How Common are Personality Disorders Among Patients with Eating Disorders?

An Australian study found
higher-than-expected levels.

Reprinted from Eating Disorders Review
March/April Volume 24, Number 2
©2013 Gürze Books

This was a question posed by Dr. Astrid Von Lojewski and two colleagues at Royal North Shore Hospital, New South Wales, Australia (Psychopathol 2013. Feb 13 [Epub ahead of print]). Because personality disorders may act as risk factors for the development of some types of eating disorders, there has been interest in the possible relationship between the two. The results of studies over the past 30 years have been mixed (Nutr Clin Pract. 2010; 25:116.).

The Australian team first identified personality disorders among 132 female inpatients, using the International Personality Disorder Examination. The women were divided into four groups, those with restrictive anorexia nervosa (AN-R), binge-purging anorexia nervosa (AN-BP), bulimia nervosa (BN), and eating disorders not otherwise specified (EDNOS).

What the researchers found

On this measure, a fifth of the patients (21%) had a definite personality disorder diagnosis (DSM-IV), and 37% had at least 1 definite or probable DSM-IV personality disorder diagnosis. Cluster C personality disorders were the most common (avoidant, 25%; obsessive-compulsive, 9%; dependent, 2%). The authors also identified Cluster B personality disorders: 13% of the women had borderline personality disorders and 2% had histrionic disorders.

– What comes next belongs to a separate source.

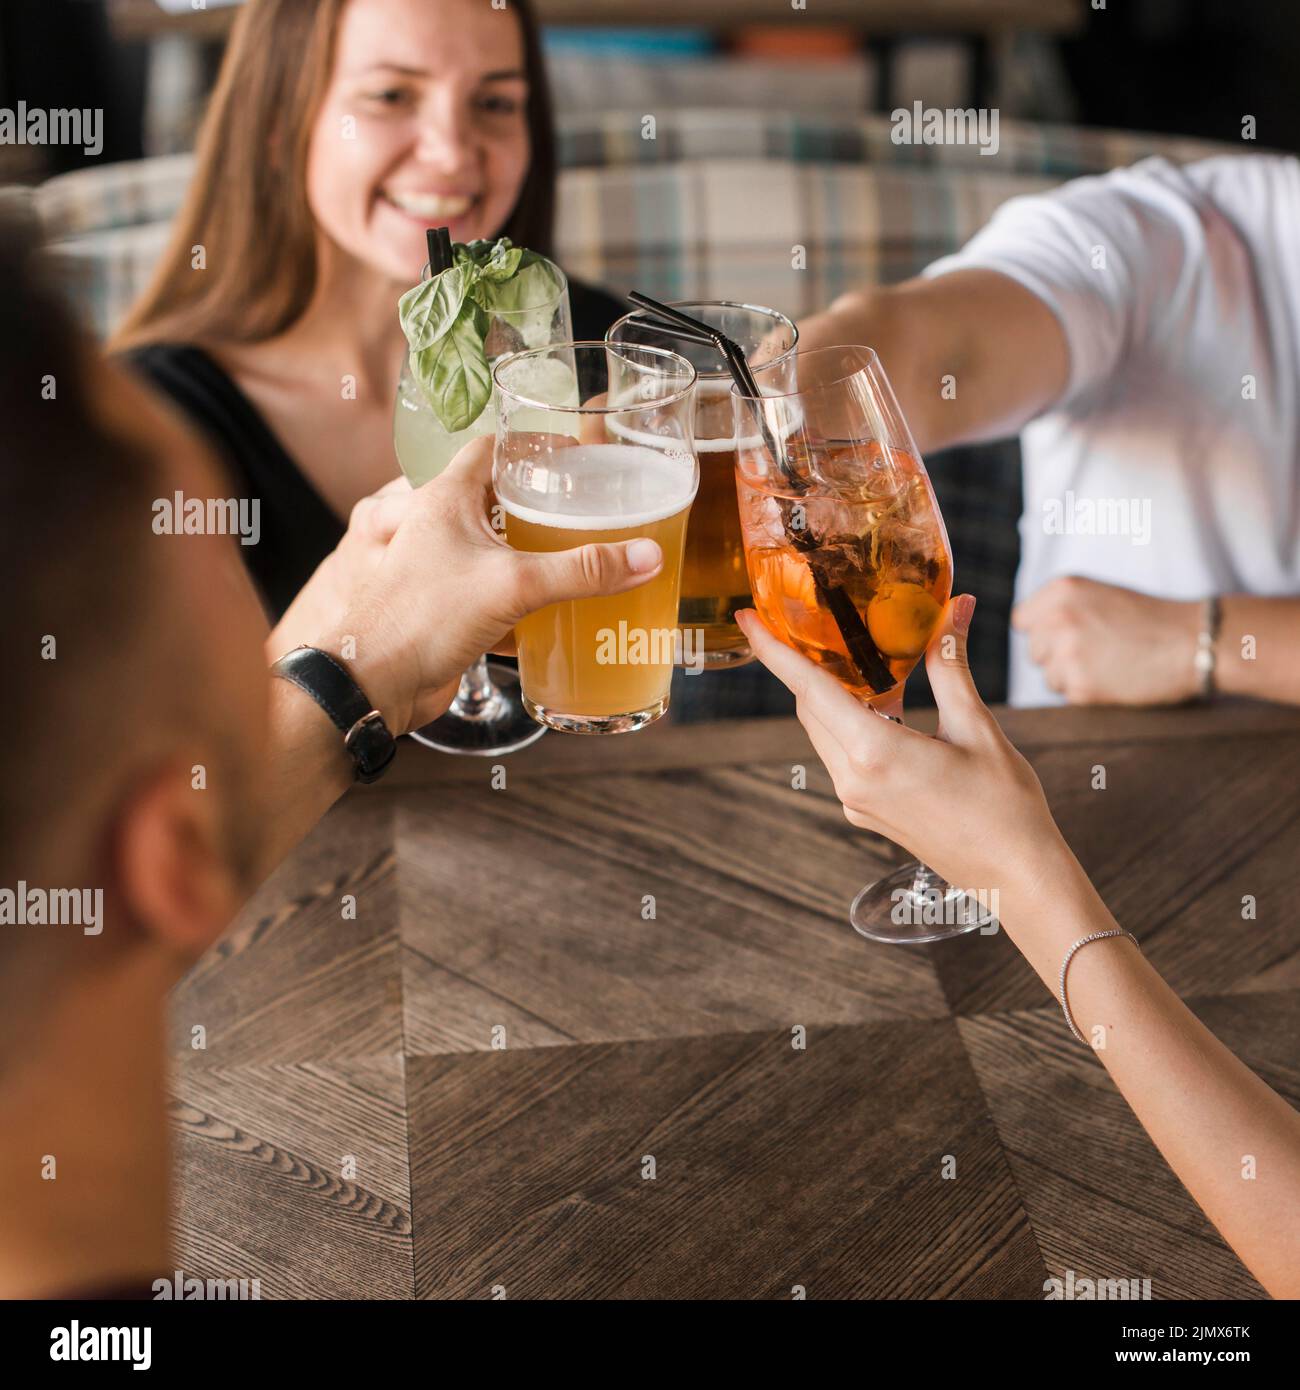 Friends sitting together bar toasting set drinks Stock Photo

The only behavior that was significantly associated with any personality disorder dimensional score (borderline and narcissistic) was self-induced vomiting. The authors concluded that assessing personality disorders using a highly structured interview administered by trained interviewers leads to fewer personality disorder diagnoses than by using other methods. In their study, avoidant personality disorder was identified most frequently and patients who self-induced vomiting were more likely to have borderline personality disorders.

Given the significant overlap between eating disorders and personality disorders, researchers are testing effective treatment approaches for clients who present with both BPD and an eating disorder. One promising area includes the use of Dialectical Behavior Therapy, or DBT. DBT has been effective for reducing impulsive and self-destructive behaviors in individuals with a primary diagnosis of borderline personality disorder. Early study results show that DBT reduces and often eliminates suicidal and self-injurious behaviors. It is also a promising intervention for women with a primary eating disorder diagnosis.